With a career spanning three decades, Laurie Baulig has been a litigator for the federal government, a private practitioner, in-house counsel for two business trade associations, and a teacher at a liberal arts college.  She founded Baulig Law with the idea that, at its best, law is a service profession that should be transparent, accessible and affordable.  The firm’s focus on employment law also reflects her philosophy that both businesses and their employees benefit when the workplace is free from discrimination, unfair wage practices, and unsafe or unhealthy conditions.

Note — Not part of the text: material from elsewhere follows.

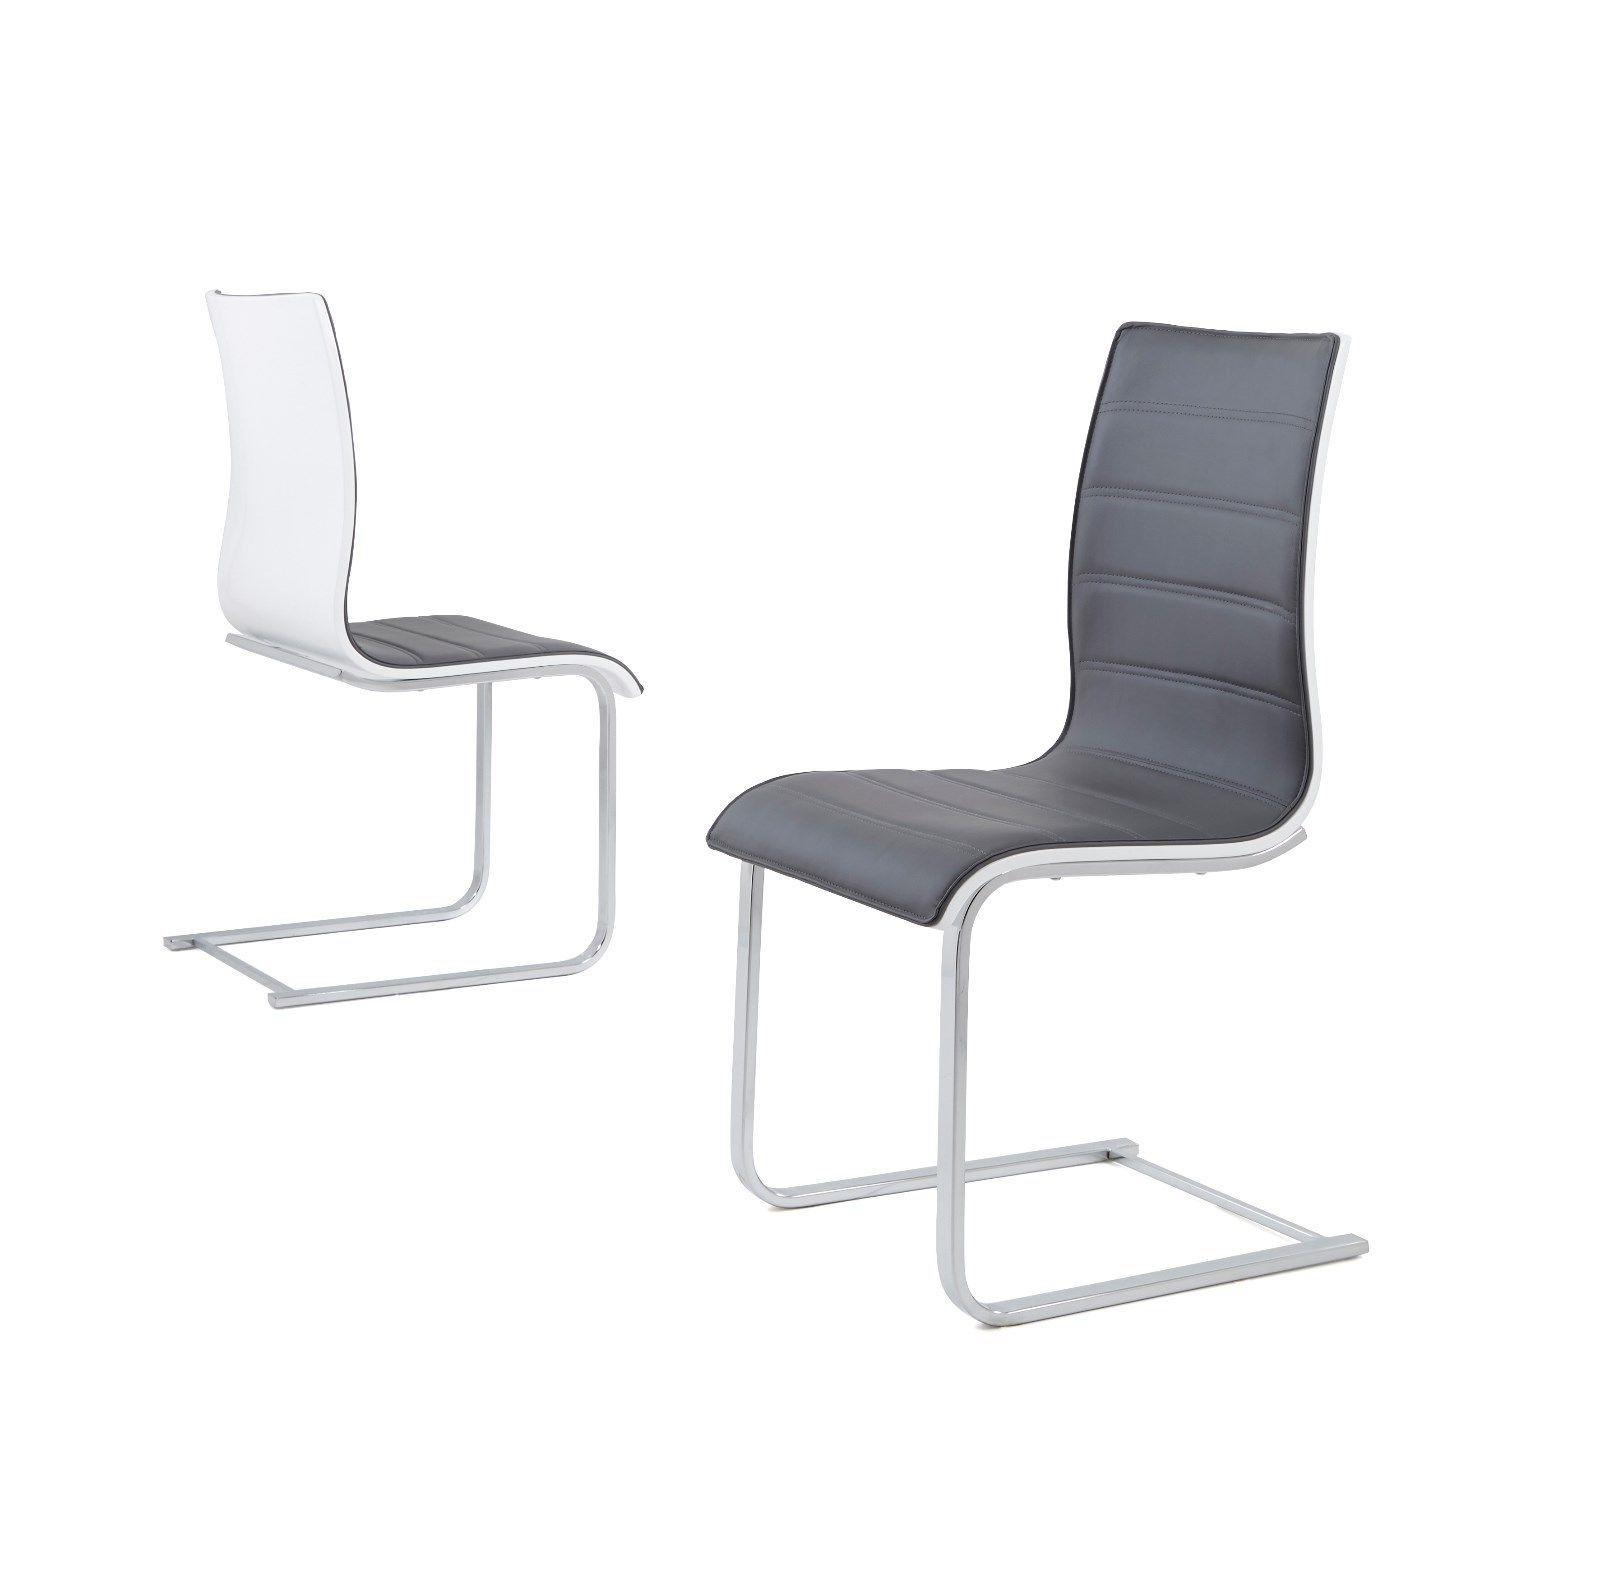 High Gloss Dining Chairs Regarding Newest Wynn High Gloss Back Dining Chairs Only – Grey & White (Gallery 11 of 25)

Laurie began her career as an antitrust litigator for the Federal Trade Commission in Washington, D.C.  She later shifted her focus to employment law as in-house counsel for the American Trucking Associations, one of the largest business trade groups in the nation’s capital.   While at ATA, she travelled across the country explaining the requirements of new laws passed by Congress – such as the Americans with Disabilities Act, Civil Rights Act of 1991, and Family and Medical Leave Act – and regulatory proposals that would have an impact on the trucking industry.   This experience not only confirmed her passion for employment law, but also awakened her interest in teaching.   So she left D.C. for Lancaster, PA in 2008 to serve as adjunct assistant professor at Franklin & Marshall College.  From 2008-13, she taught Human Resources Management, Gender and the Law, and other courses affecting legal rights and responsibilities in the workplace.